The environmental mandates, now and coming soon, and things like the pernicious “anti-DUI-ignition-lock” mandate in the BBB bill, tell consumers one story: Buy now, because a vehicle of the type you want (esp: free from govt restrictions) will very soon be unavailable.
Pierre Lemieux
Feb 13 2022 at 12:45pm
BRetty: See my reply to Thomas. The rapidity of the rise of used car prices (and thus the drop in the relative prices of new cars) points to a short-run phenomenon. Perhaps what you and Thomas are mentioning will be a longer-run trend that dampens demand for new cars (compared to what it would otherwise be).
Jose Pablo
Feb 13 2022 at 11:52am
In fact, many people, even car manufactures don’t seem to understand prices a a “signal”
https://www.wsj.com/articles/ford-gm-warn-dealers-charge-above-sticker-price-and-face-repercussions-11644323580
Pierre Lemieux
Feb 13 2022 at 12:14pm
Jose: Indeed. Stay tuned, I am putting the last hand on a post inspired by the very WSJ report you link to. I wonder if the socialist culture has not been blurring or erasing this role of prices and competition.
Tom West
Feb 14 2022 at 10:03pm
This seems entirely rational on Ford’s part. Taking advantage of a crisis by raising prices is often taken very badly in the long run by the non-economist market. If Ford dealers raise the price, there’s a significant risk of massive resentment on the part of customers, who will take it out on Ford (and not just the dealer) at a later point in time.
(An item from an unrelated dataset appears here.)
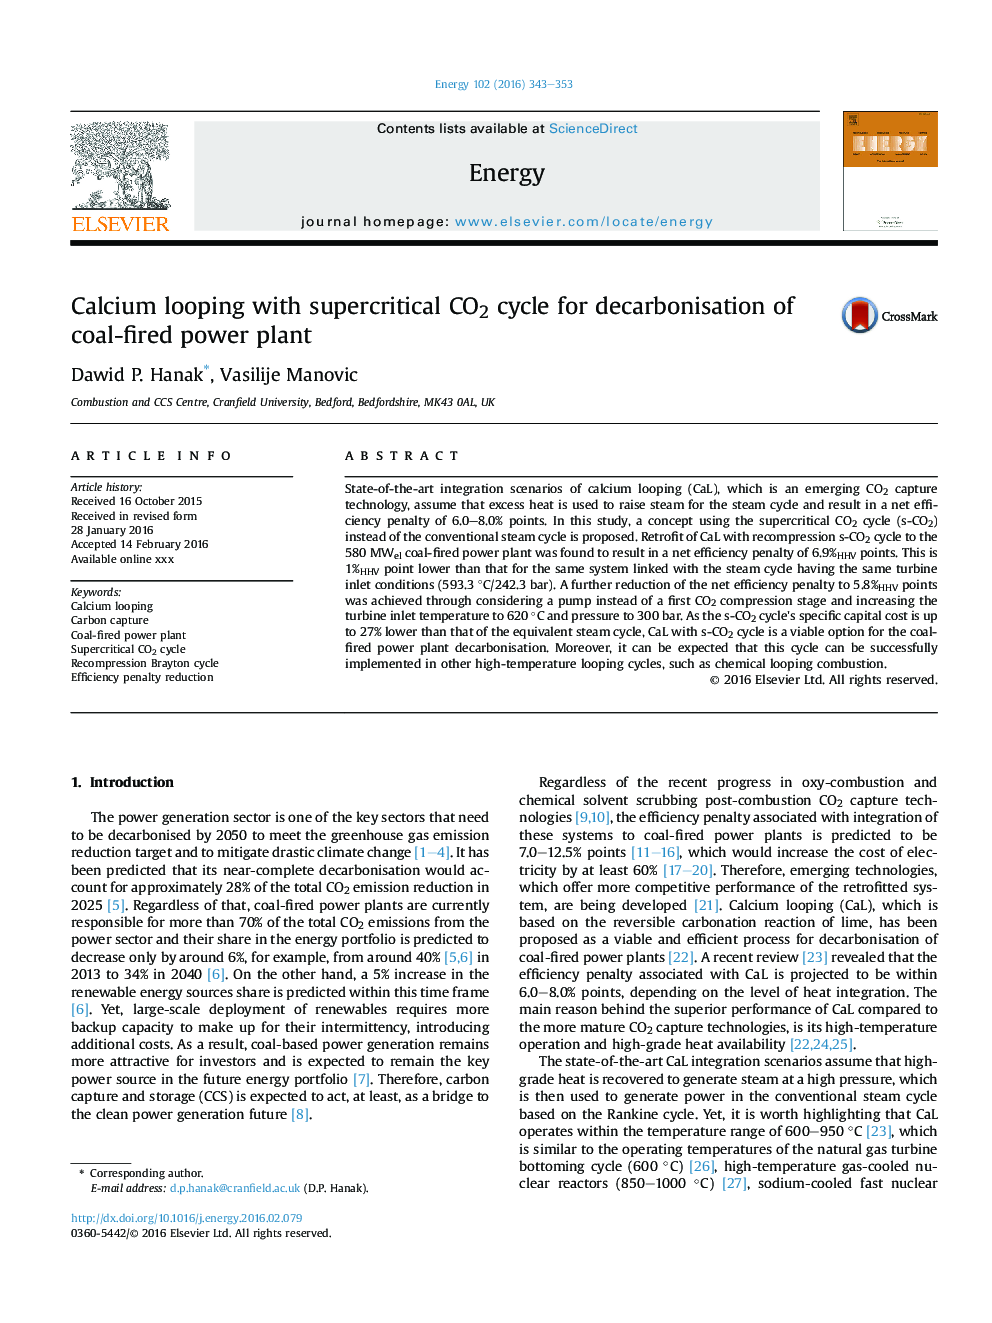 Calcium looping with supercritical CO2 cycle for decarbonisation of coal-fired power plant

People can be annoyed when you run out of product, but they are often enraged when you raise the prices so that you don’t.
Ford realizes they are not selling to Homo Economus.
Pierre Lemieux
Feb 15 2022 at 12:33am
Tom: Have a look at this other Econlog post of mine: https://www.econlib.org/ford-and-gm-bearers-of-socialist-culture/
David Seltzer
Feb 13 2022 at 5:48pm
“New car prices increased because of lower supply and rebounding demand after the worst of the pandemic. Used cars, which are substitutes (although not perfect ones) for new cars, became more desirable for more consumers. Thus, demand for used cars increased (the demand curve shifted up) and so their prices too.”
Pierre, Isn’t this an example of cross elasticity? The classic example; as the price of beef rises, ceteris paribus, consumers will choose chicken as per their preference relative to steak.
Pierre Lemieux
Feb 13 2022 at 6:30pm
David: You’ve got it. The cross-price elasticity of two goods is positive if the two goods are substitutes and negative if they are complements.
Pemakin
Feb 18 2022 at 2:31pm
What’s interesting to me about this episode is what it reveals about preferences for new cars. For an interruption in new car production to cause such a sharp rise in the price of a near substitute, initial preferences have to favor new cars dramatically. Also, note that slower production implies long holding periods of new cars and shrinks used car market supply.